PortoPostDoc

Audrius Stonys: (Sublime) portraits of being

by Teresa Vieira / 03 11 2019


In the 2019 edition of Porto/Post/Doc, we focus on Audrius Stonys' work, with the screening of several of his films and the presence of the director.

Contemplation, spiritualization, dignification and glorification (of the potential) of the (in)visible: a look at the real. Film gestures that carry us from the mundane to the eternal, from the human to the divine, from the real to the documentary. They are records of the immensity of the universal and the individual, of the exacerbation of the natural power of individuals and of the universe around them.
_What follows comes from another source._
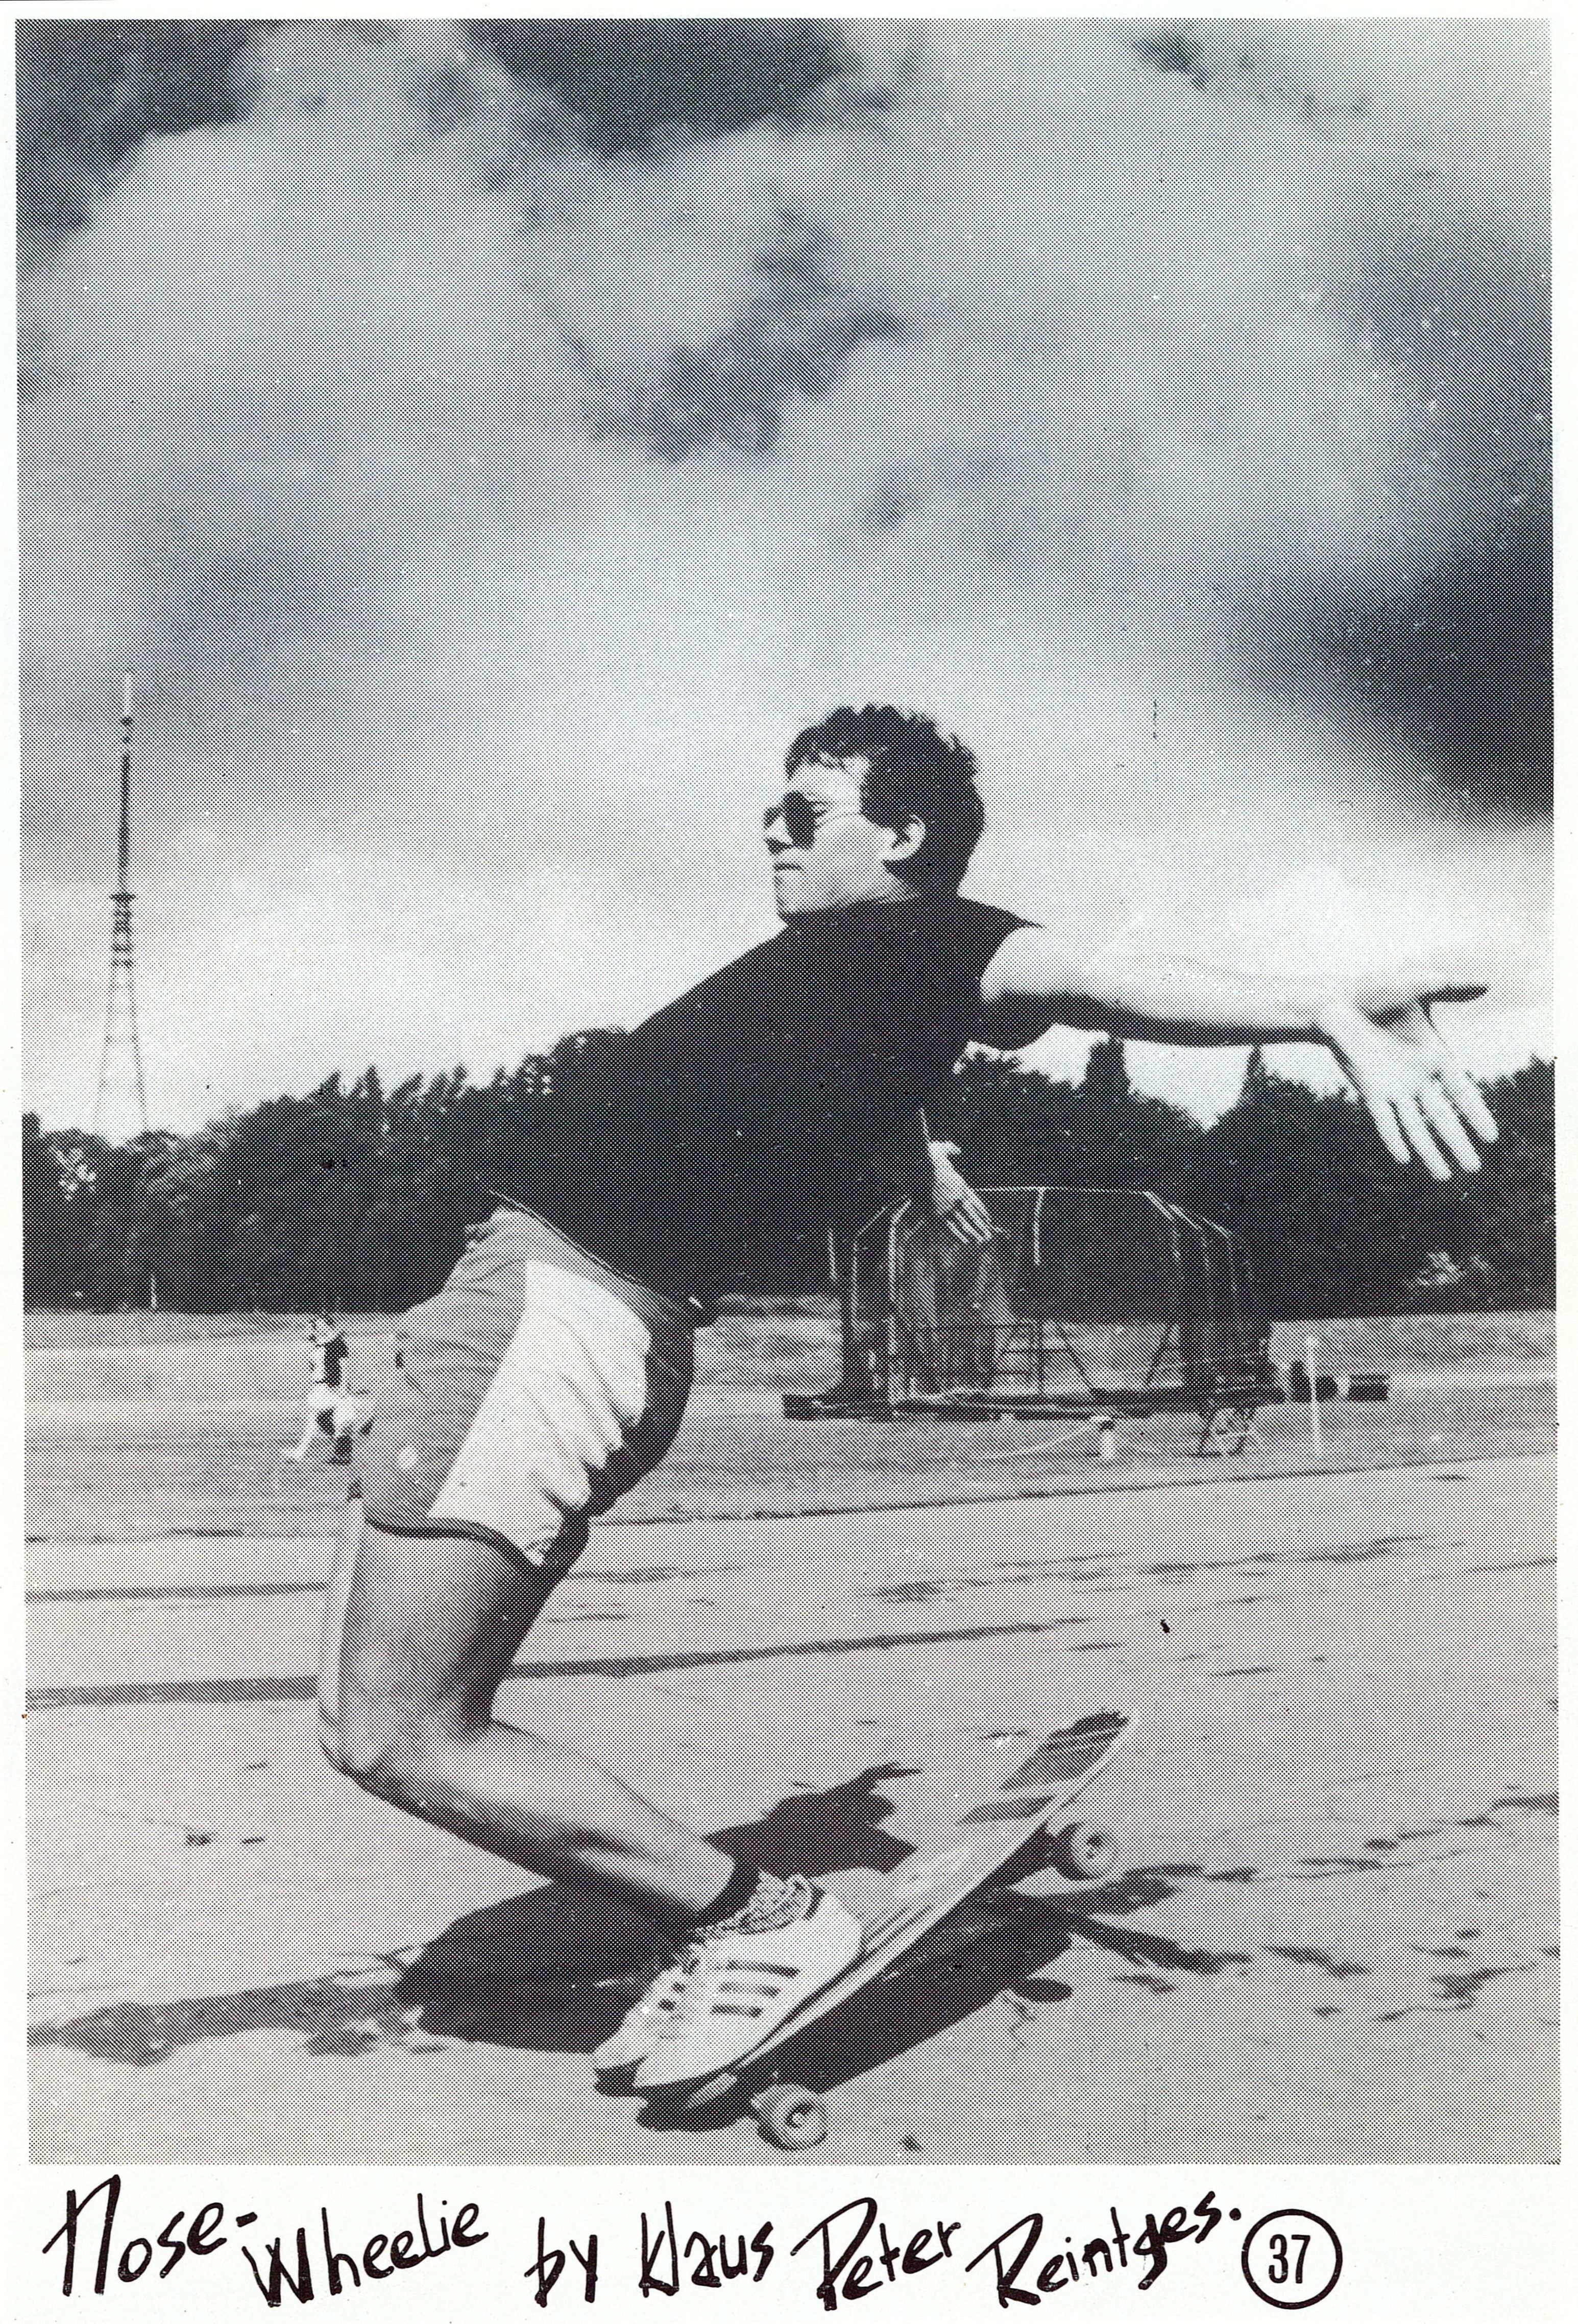 Extrait de Roller Skater magazine, hiver 1982, n°3, Fonds José de Matos (409W), Mucem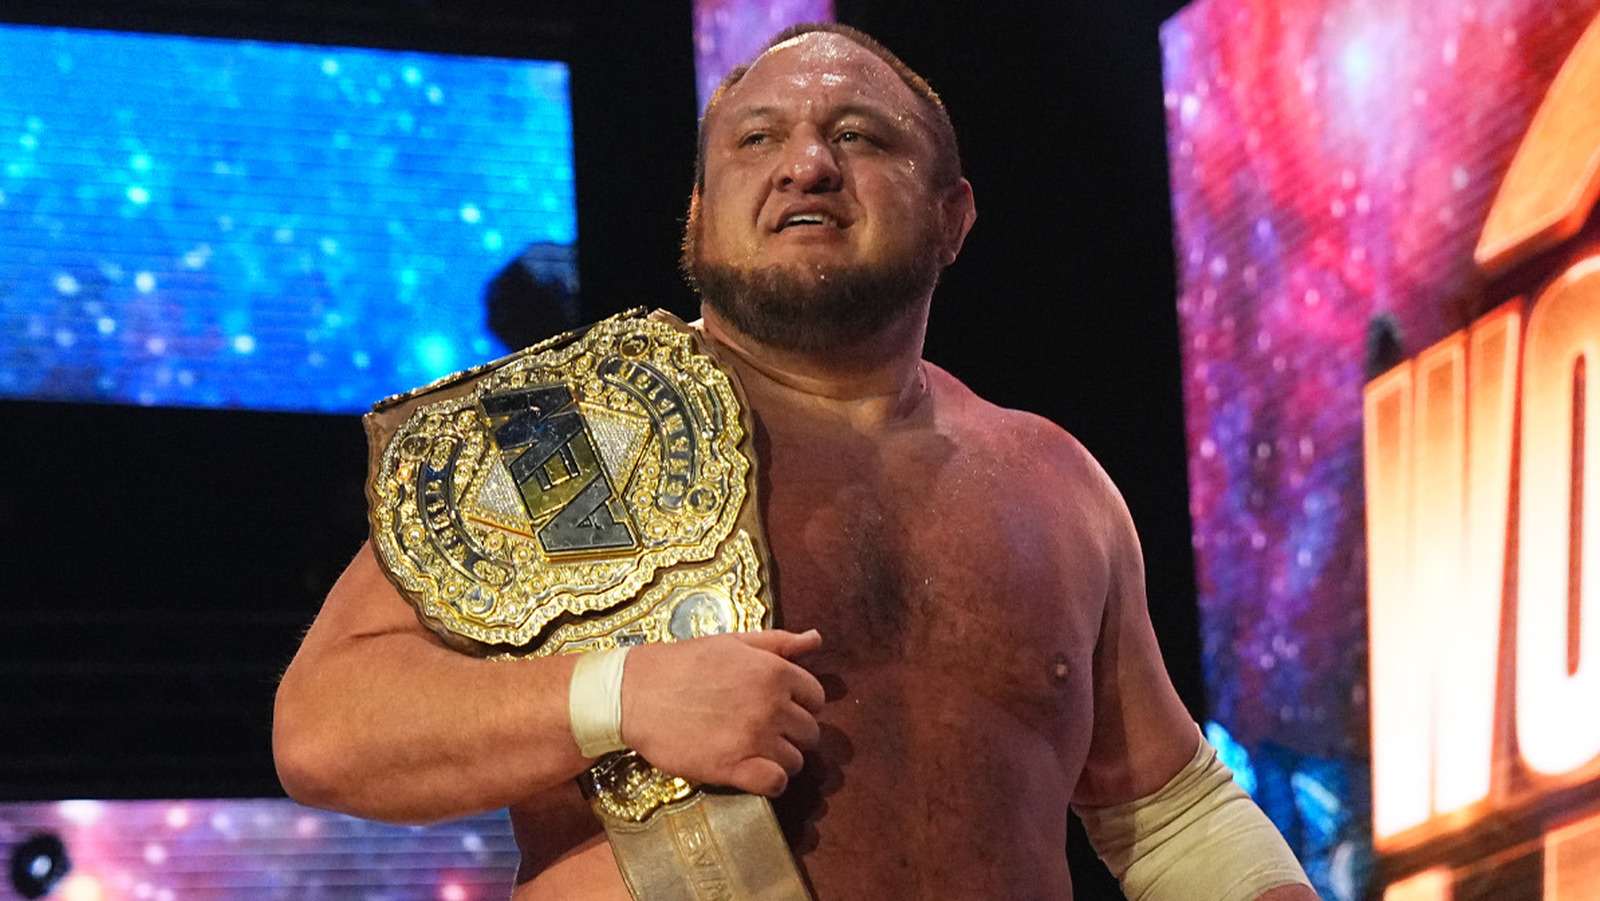 El campeón mundial de AEW, Samoa Joe, reacciona al regreso del sistema de clasificación

Audrius Stonys' vast work is a potent symbol and significant to (and of) the world. From the early 1990s – until now – the Lithuanian filmmaker takes us along paths of encounter with the “other” but, above all, with the core of what it means to be human. Stonys captures the essence of being through careful observation, a look that reflects fascination and respect for everyone and all that he presents (and represents). This is partly due to a legacy of the 1960s Lithuanian film tradition – which has in Henrikas Šablevičius one of its greatest forms of expression – but also to its connection with photography. These are influences that reach a maximum exponent in his work due to the humility, beauty and transcendence of each portrait, each film. Stonys trod a path marked by the (apparently paradoxical) duality of the representation of the individual as divine element and as lost element in the immensity of the world. A game of contrasts that allows us, however, to observe the world as such: a center created from countless – or endless – parts, a totality created from small – or tiny – centers that make it up. 

Images prevail and seek to decode, within their form, what we see. The melodies that echo in the created spaces, the expressions that are perpetuated on the screen, are the necessary clues for the creation of a world that brings us closer to what we describe as “real”, but above all, to what we (really) are.